# Does anybody else have problems with Sky TV reception??



## RogerAndHeather (Dec 23, 2007)

I started to have problems yesterday morning with losing the Astra2 (Sky) signal, and having over-reacted before, I would like to know if anybody else with a mobile system is having problems before I start stripping the bits apart.

The signal strength for (my) Astra2 is oscillating from 100% to 'nothing' but I still have a 100% signal from Astra1, Hotbird etc...... The sky box locks on OK, and displays the the correct network ID and transport stream, but the signal quality is always nearly non-existent.

Having been fooled in the past to fiddle with the bits, when the problems have been at the other (Sky) end, it would be nice to know whether this is a general problem (weather related?) and I am not going to make things worse by fiddling - We are in Aberdeenshire, but do have a 85cm oyster dish without any past problems.

Hoping for some feedback, Roger


----------



## Rapide561 (Oct 1, 2005)

*SKY*

Hi

Where ever I have used my 85 cm Oyster, I have always done well for reception, signal strength and quality, except in Italy when the quality and strength decrease at night time or during heavy rain.

The only place I can't get a signal is at the CCC site at Bala - due to trees.

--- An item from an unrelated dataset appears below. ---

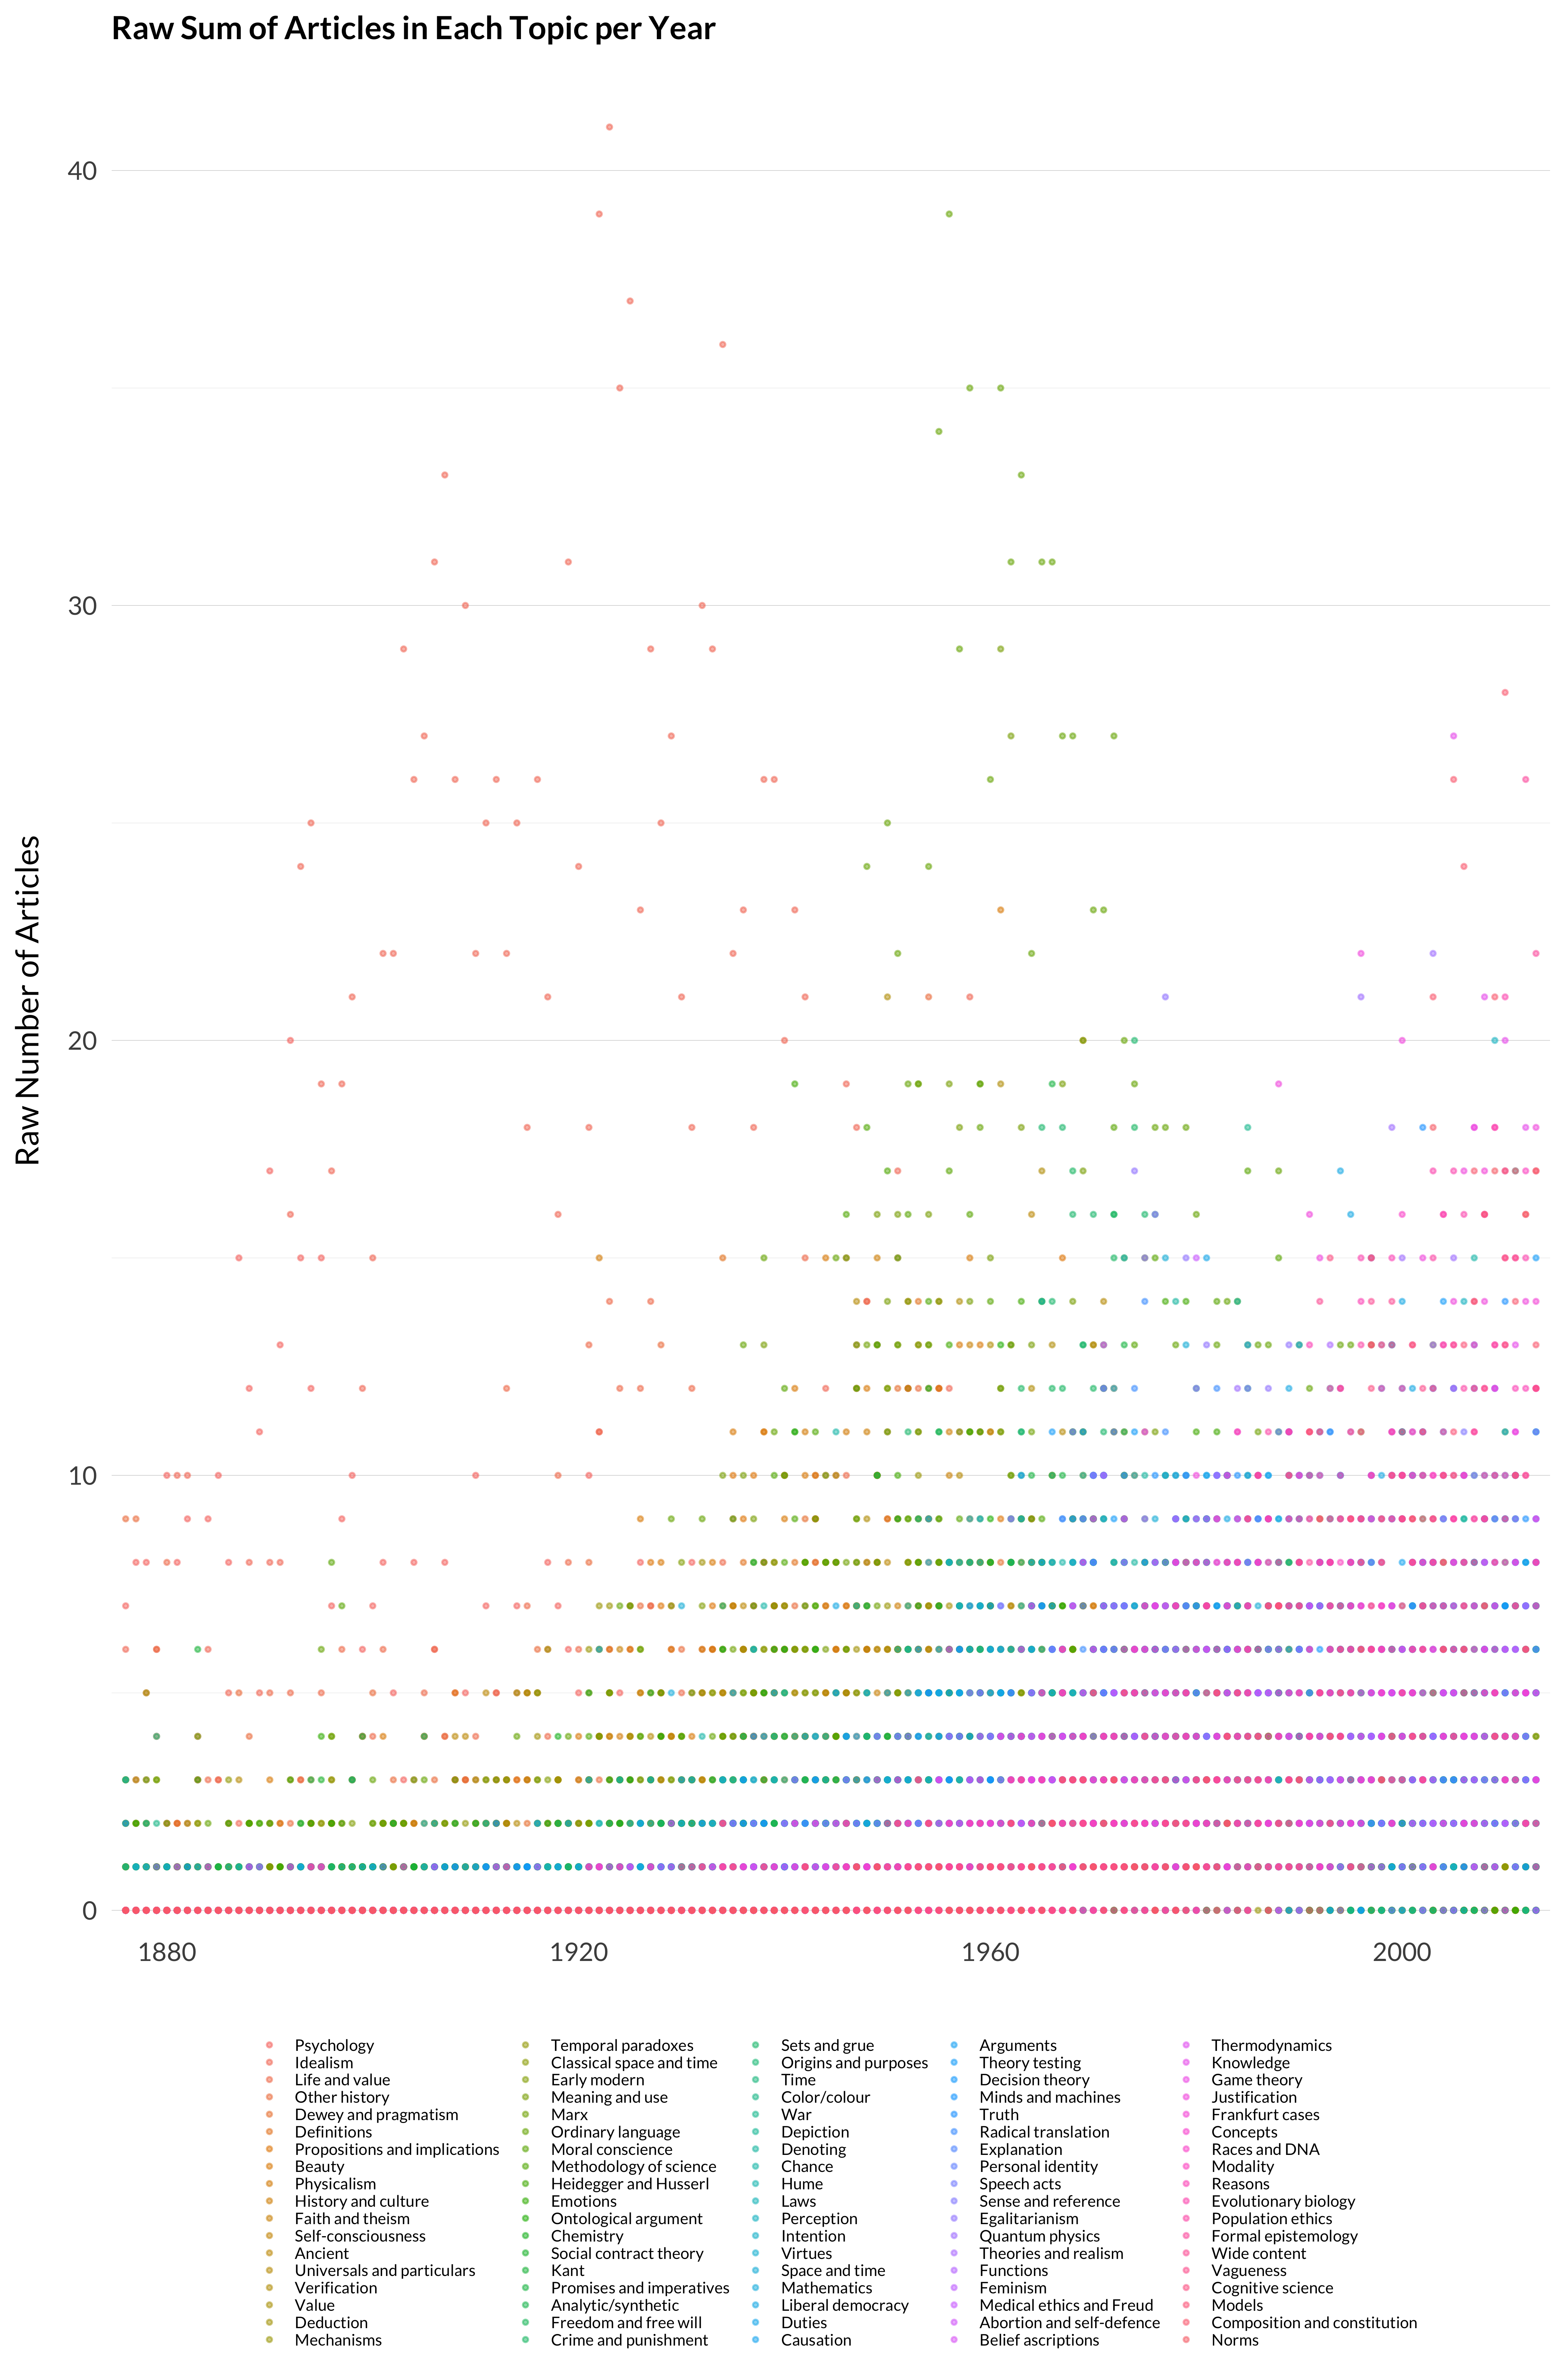 A plot showing the importance of all topics over time on a single graph, as measured by raw sum. The underlying data is in Table B.2. It is mostly a mess of dots that doesn't show very much, but what information can be gleaned by looking is described in the text below.

The autosearch goes on for ages and cannot lock.

Russell


----------



## 107990 (Oct 30, 2007)

Did i see on the weather forecast that you have been having high winds up there ?.


----------



## RogerAndHeather (Dec 23, 2007)

Agree, a magic systen, does us well all over Europe, at least with BBC parliament being the strongest signal everywhere - gives us the most magic connection with BBCi - the best teletext thingy in the world.

worked up here for 4 years untill yesterday, so is there a problem with Sky????? Or is it me again!!!

Ta, Roger


----------



## RogerAndHeather (Dec 23, 2007)

Hi DollarYen

Sorry that we crossed, weather has been a bit iffy, mostly rain, but wife is sitting outside now, 21:30(ish), weather on the magic machine is 16.3degsC, 68% humidity, pressure 1011,. Not a midgie in sight.

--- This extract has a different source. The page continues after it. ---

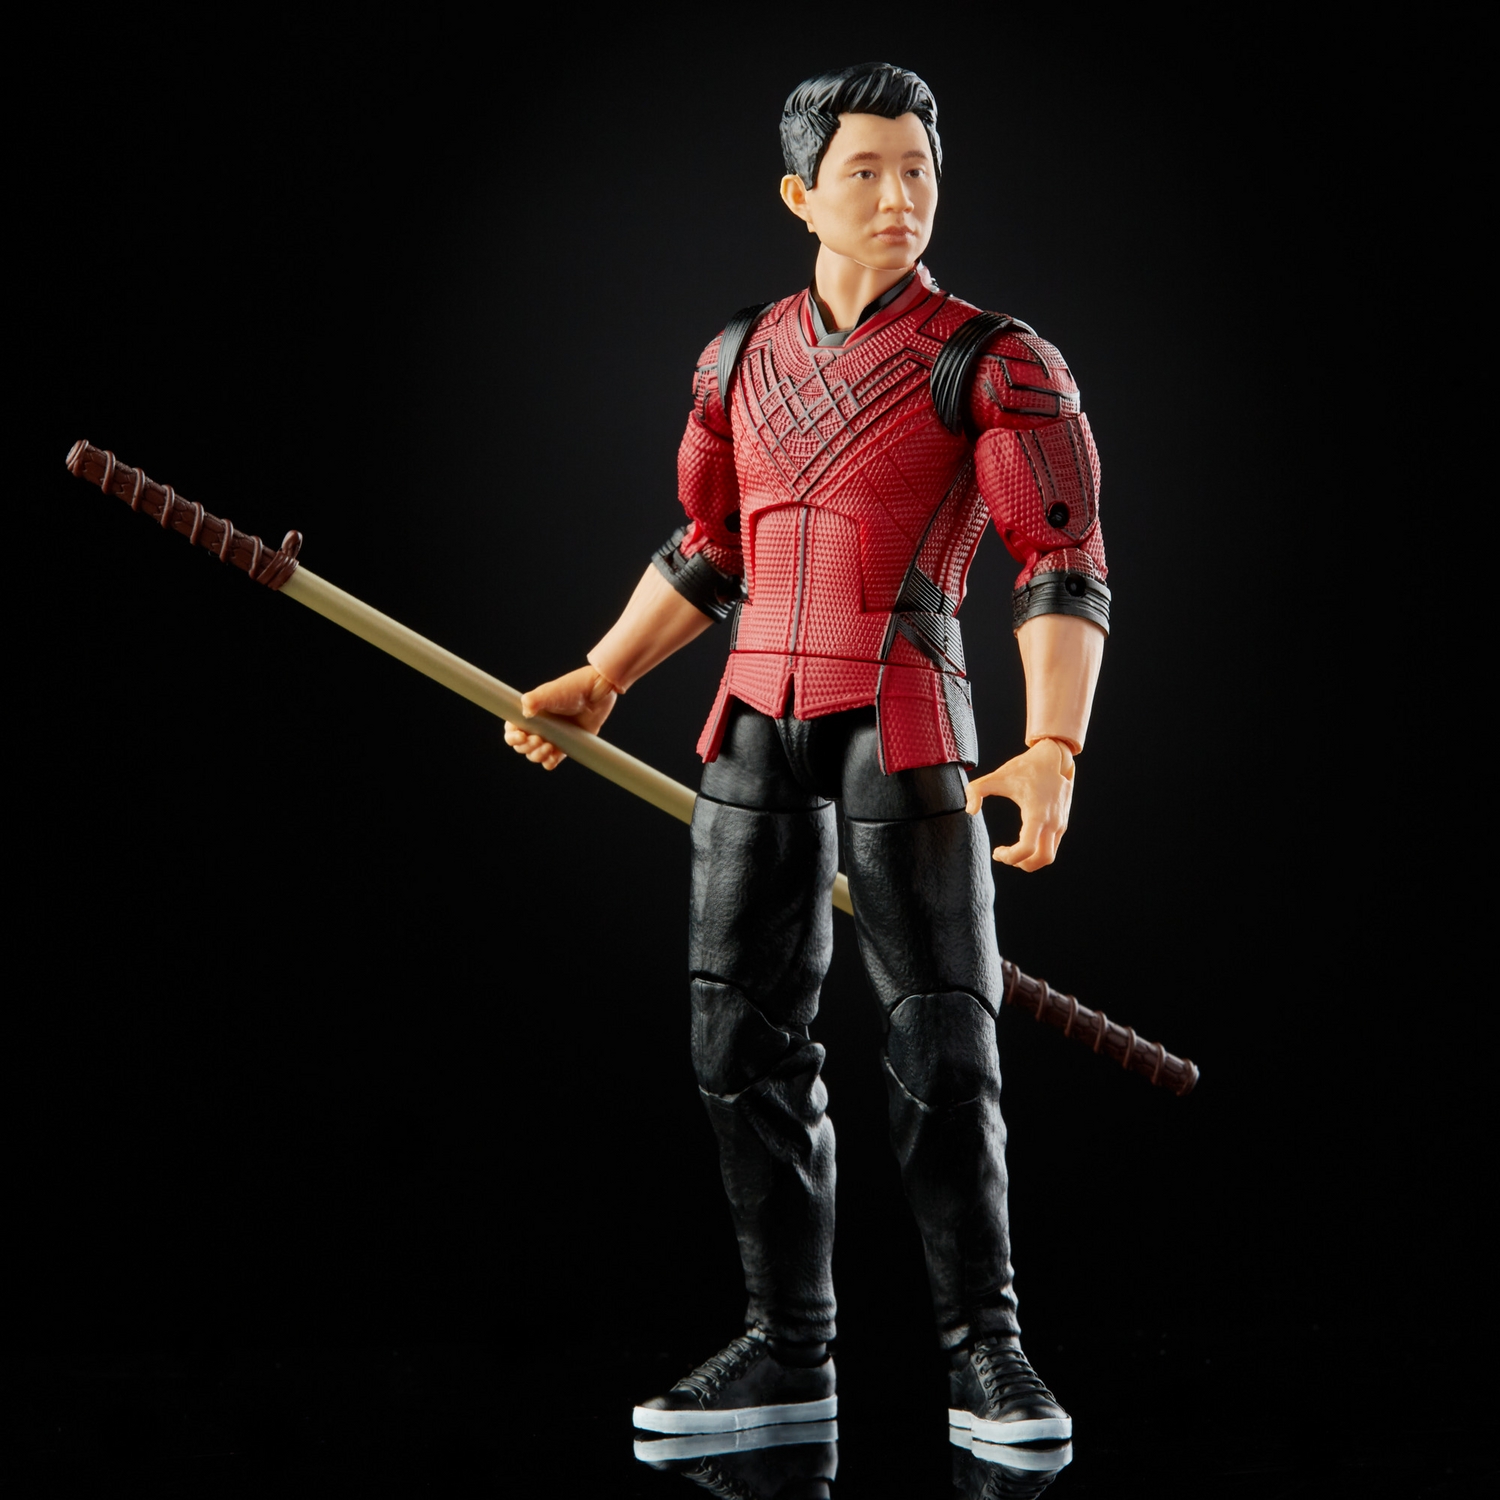 MARVEL LEGENDS SERIES 6-INCH SHANG-CHI AND THE LEGEND OF THE TEN RINGS - Shang-Chi oop1.jpg

Wind isn't the Sat problem, but wife would disagree about me.

Cheers Roger


----------



## DABurleigh (May 9, 2005)

Roger,

I assume you really do have a clear view of the satellite. Many have claimed they do, or presumed they do, when subsequently it has been shown they did not. This is the best way to check, also your skew setting:
http://www.uksatellitehelp.co.uk/2007/08/12/satellite-alignment-calculator-v2/

Can you manually increment/ decrement the azimuth and elevation on your Oyster, to see if you can increase the signal quality once it has locked on?

IIRC there was an Oyster software upgrade to cope with the introduction of a nearby satellite. Did you have this done?

Dave


----------



## Rapide561 (Oct 1, 2005)

*SKY*

Dave - I think it is possible to adjust only the direction the dish is pointing rather than the elevation (manually) - I could be wrong though.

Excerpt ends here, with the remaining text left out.